The Advisors' Blog

This blog features wisdom from respected compensation consultants and lawyers

July 21, 2021

Europe: ESG Metrics Could Become Mandatory For “Sustainable” Investments

Under the EU’s existing “green taxonomy,” economic activities that meet certain conditions will be incentivized as “environmentally sustainable” investments across the Union. The European Commission is also looking at whether to expand the taxonomy to address “social” objectives. As this Linklaters blog points out, one issue being considered is whether businesses that want to qualify as “sustainable” in the EU will be required to link executive pay to ESG metrics.

Linklaters explains that a group of experts called the Platform on Sustainable Finance are helping the European Commission with its decision.

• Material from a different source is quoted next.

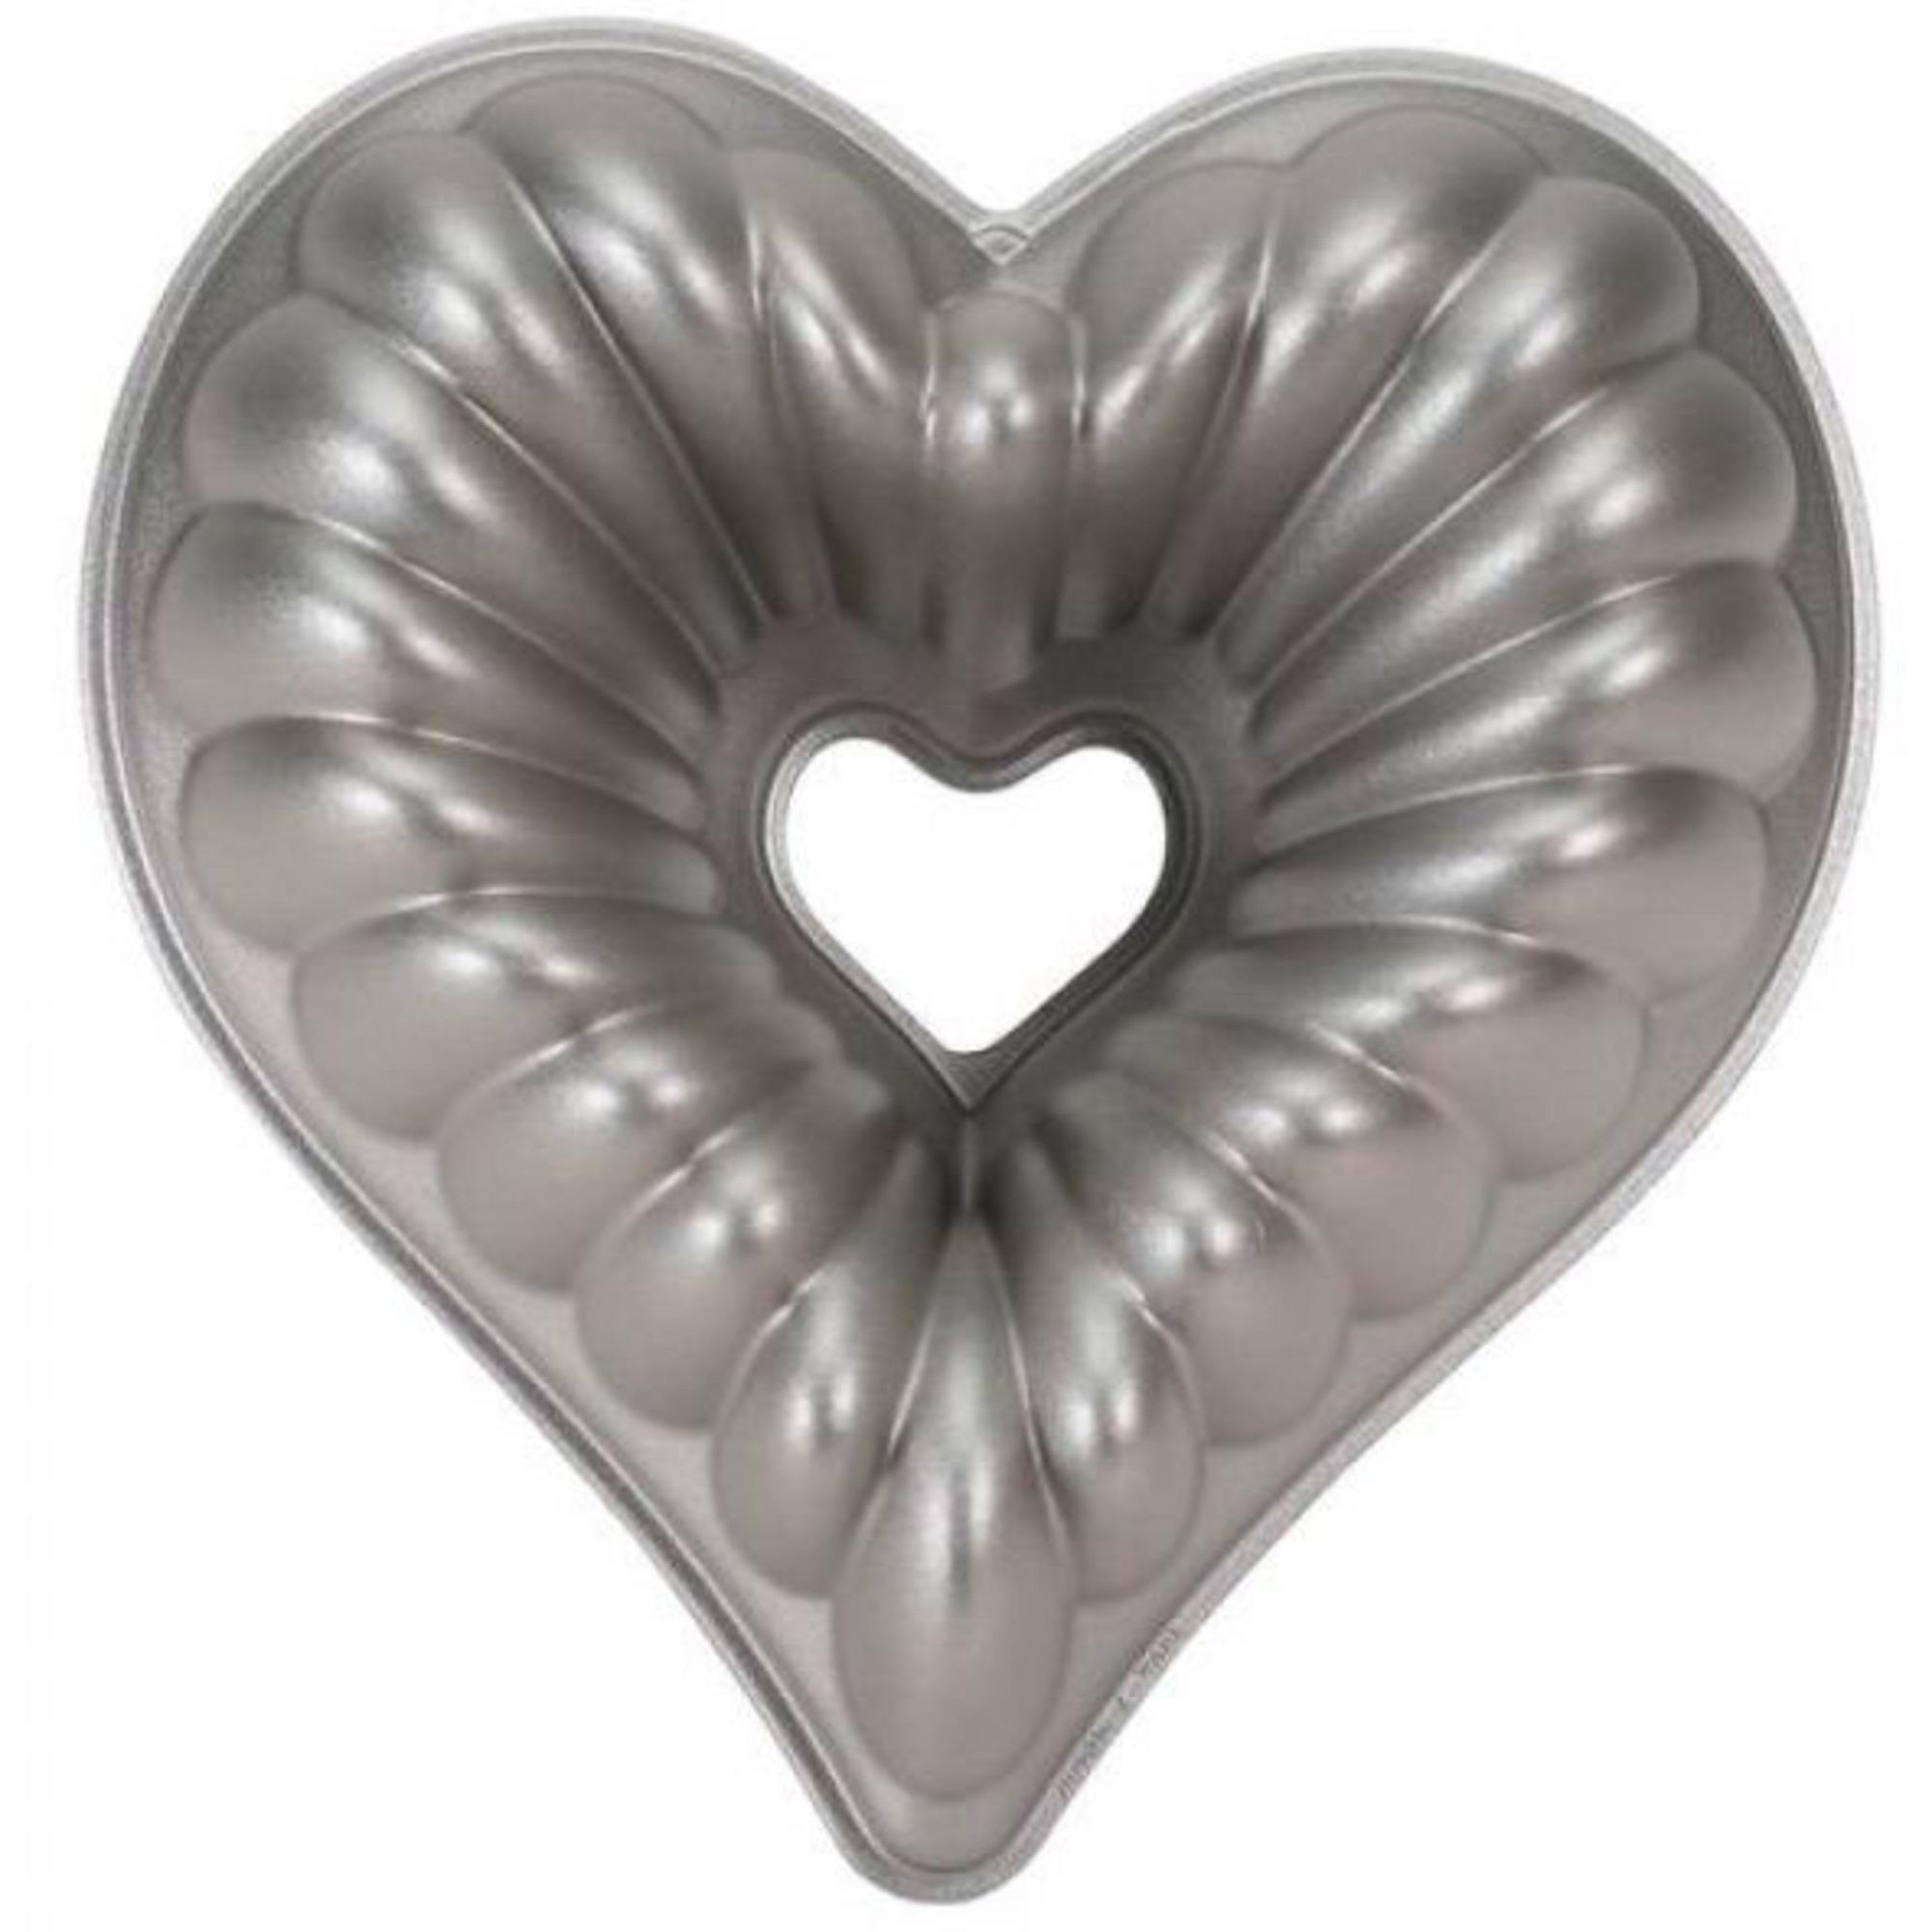 Nordic Ware Kakform Elegant Heart

They’ve published a draft report for comments (this fall, the PSF will make a recommendation to the European Commission, which will then publish its own report by year-end).

The PSF folks seem to conclude that while tying pay to ESG could make sense in light of the strategic importance of E&S goals, there are lots of challenges. The blog summarizes the findings:

The PSF report says that that ESG issues now sit at the heart of good business practice, and for some companies this has become a central strategic pillar. As a result, many companies around the world are linking executive remuneration to ESG goals: reducing carbon emissions, customer welfare or workforce diversity.

So the PSF conclude that executive pay linkage to ESG should be part of the EU taxonomy as it is a reflection of what is happening in the real economy.

The PSF say that businesses are concerned that linking EGS to pay could interfere with companies’ autonomy, but they suggest that companies could choose their own sustainability targets and would not need to incorporate a fixed list of indicators. An option would be to link ESG factors to the long term incentive (LTIP) structure and performance measures, possibly along with malus and clawback (withholding pay at the point of vesting, or recovering after payment). It would also be necessary to manage any unintended consequences of linking ESG to LTIPs, which might lead to, for example, greenwashing or gamification.

The PSF draft report identifies some challenges to this linkage:

1. The difficulty of developing criteria to increase diversity on boards because, for example, in some countries gathering information on employees´ ethnicity or sexual orientation is unlawful.

2 How this initiative would fit alongside the upcoming European Commission proposal on sustainable corporate governance, which is expected to address issues related to sustainability expertise in boards and make it compulsory to include sustainability metrics.

3. How this initiative would fit alongside the proposed regulatory technical standards for the Sustainable Finance Disclosure Regulation (SFDR), which already obliges financial market participants to take into account and disclose board gender diversity. This means that all financial products would have to report on diversity anyway.

4. Setting criteria on executive remuneration may prove to be extraordinarily complex due to the variety of long and short term variables and schemes, and could lead to unintended consequences. All this interlinks with companies’ own business models.

5. It is tricky to compare companies on sustainability-linked remuneration, especially if the targets vary between companies.

The PSF identify an alternative option of having rules around compensation structure, transparency and policy that responsible investors already apply when deciding whether or not to approve executive compensation at AGMs. But they say that this could be perceived as disproportionate and infringing national corporate governance models.